I do this 7 days a week now and am making enormous progress. So I’m not complaining. I’m happy, if exhausted, at the end of the day, and looking forward to the next day of writing—revising mostly now, polishing, tying up loose ends, getting it ready to send off. My husband can’t understand how I can feel so exhausted sitting in a chair all day! It’s mental exhaustion, I try to explain. My mind feels washed out after 8 hours.
Even so, it feels good. There were many years when my problem with writing was the inability to find the time to write or the discipline to stay with it so long. So this is progress.
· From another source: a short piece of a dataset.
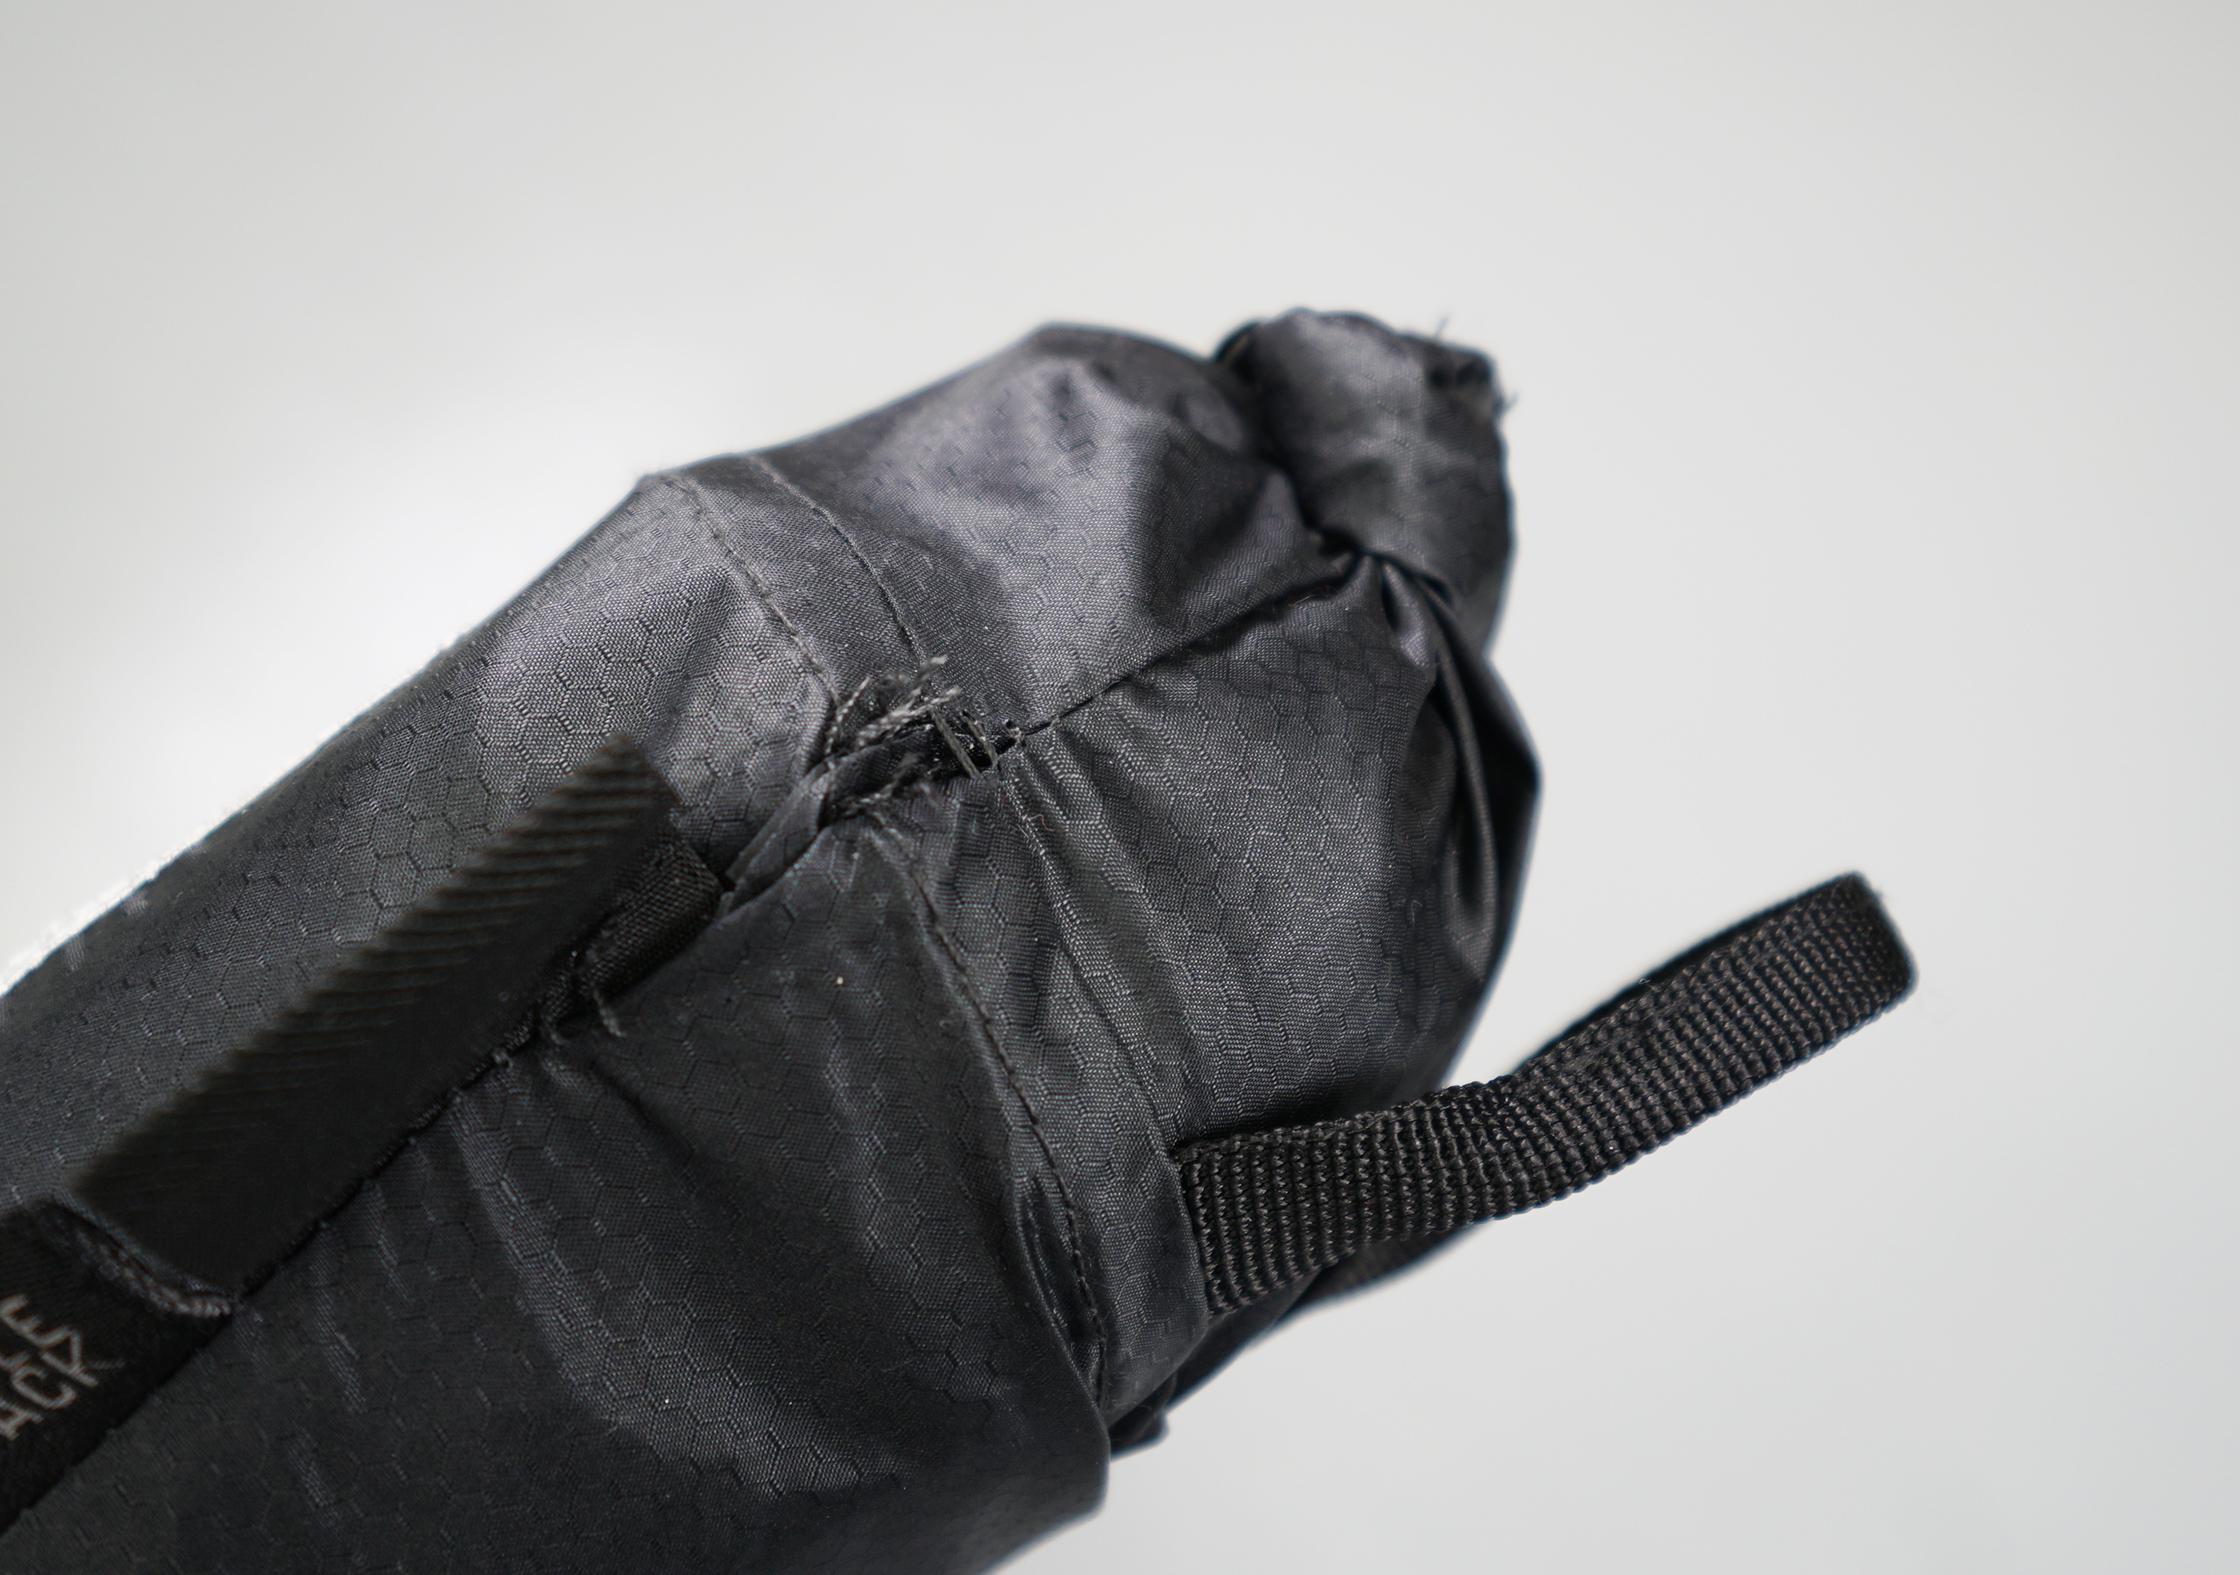 Matador Freefly16 Daypack Stitching Coming Loose

I wrote another blog post a few years ago about being “Immersed In One’s Art” using the same image of Frankenthaler. This is what I wrote then:
There’s something immensely satisfying to see Helen Frankenthaler immersed in her art this way. I found this image on Facebook, along with the following quotation:
“I’ve seen women insist on cleaning everything in the house before they could sit down to write . . . and you know it’s a funny thing about housecleaning . . . it never comes to an end. Perfect way to stop a woman. A woman must be careful to not allow over-responsibility (or over-respectabilty) to steal her necessary creative rests, riffs, and raptures. She simply must put her foot down and say no to half of what she believes she ‘should’ be doing. Art is not meant to be created in stolen moments only.”
― Clarissa Pinkola Estés
Why is it we women (is it only women?) too often put our personal passions last in line behind all else?
I’m trying more and more to put those passions (my writing, painting, music-making) first on my list of to-do’s. But it’s hard. Somehow even blogging comes first, although it too is writing, a kind of art-making. Or at least I try to make it so.
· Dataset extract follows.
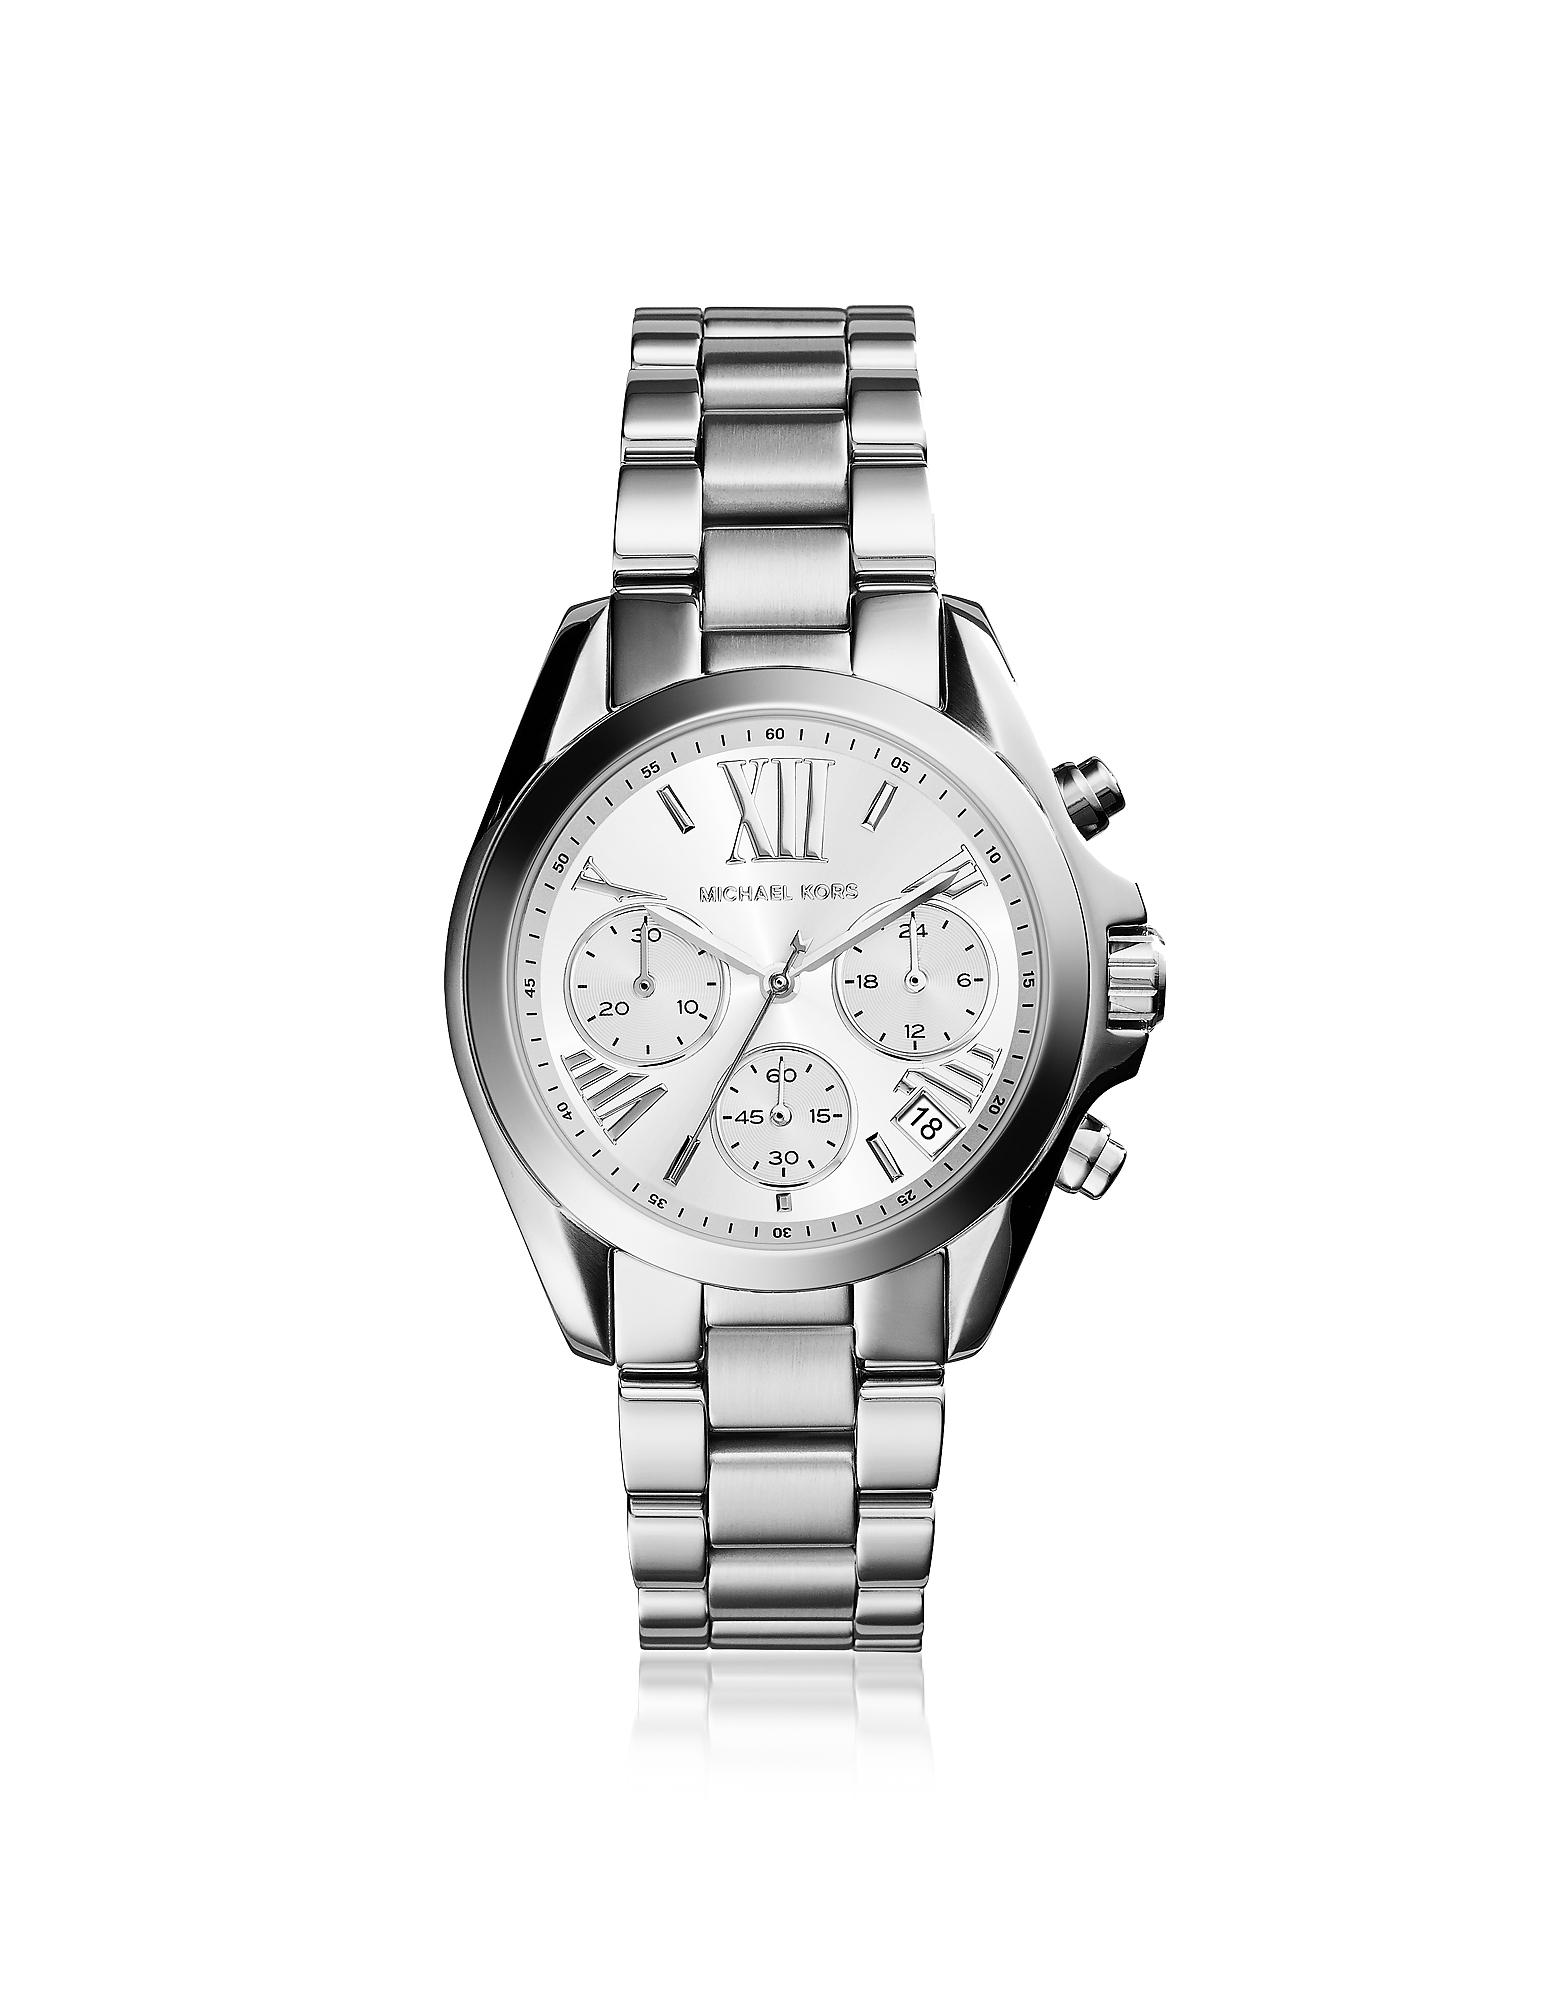 Michael Kors Women's Watches, Mini Bradshaw Silver Tone Women's Watch

Perhaps because I’ve set firmer deadlines for my blog, or I see it as a commitment I’ve made, to keep this up and running, to not let readers go too long without hearing from me. And blogging is just another way for me to “riff and rapture” about the things I love, to share what inspires me with the world.
Still, to imagine myself immersed in my art as she is in this photo, surrounded by bright splashes of color, my bare legs curled beneath me on the cold floor, and that Mona Lisa smile, that dark gaze . . . it does my heart good.
Yes, it does do my heart good, to be immersed in my writing this way—Finally. But it means I’ve been blogging less these days and will probably be doing less in the coming weeks as well. But I’ll be back to “riff and rapture” again before long. I promise.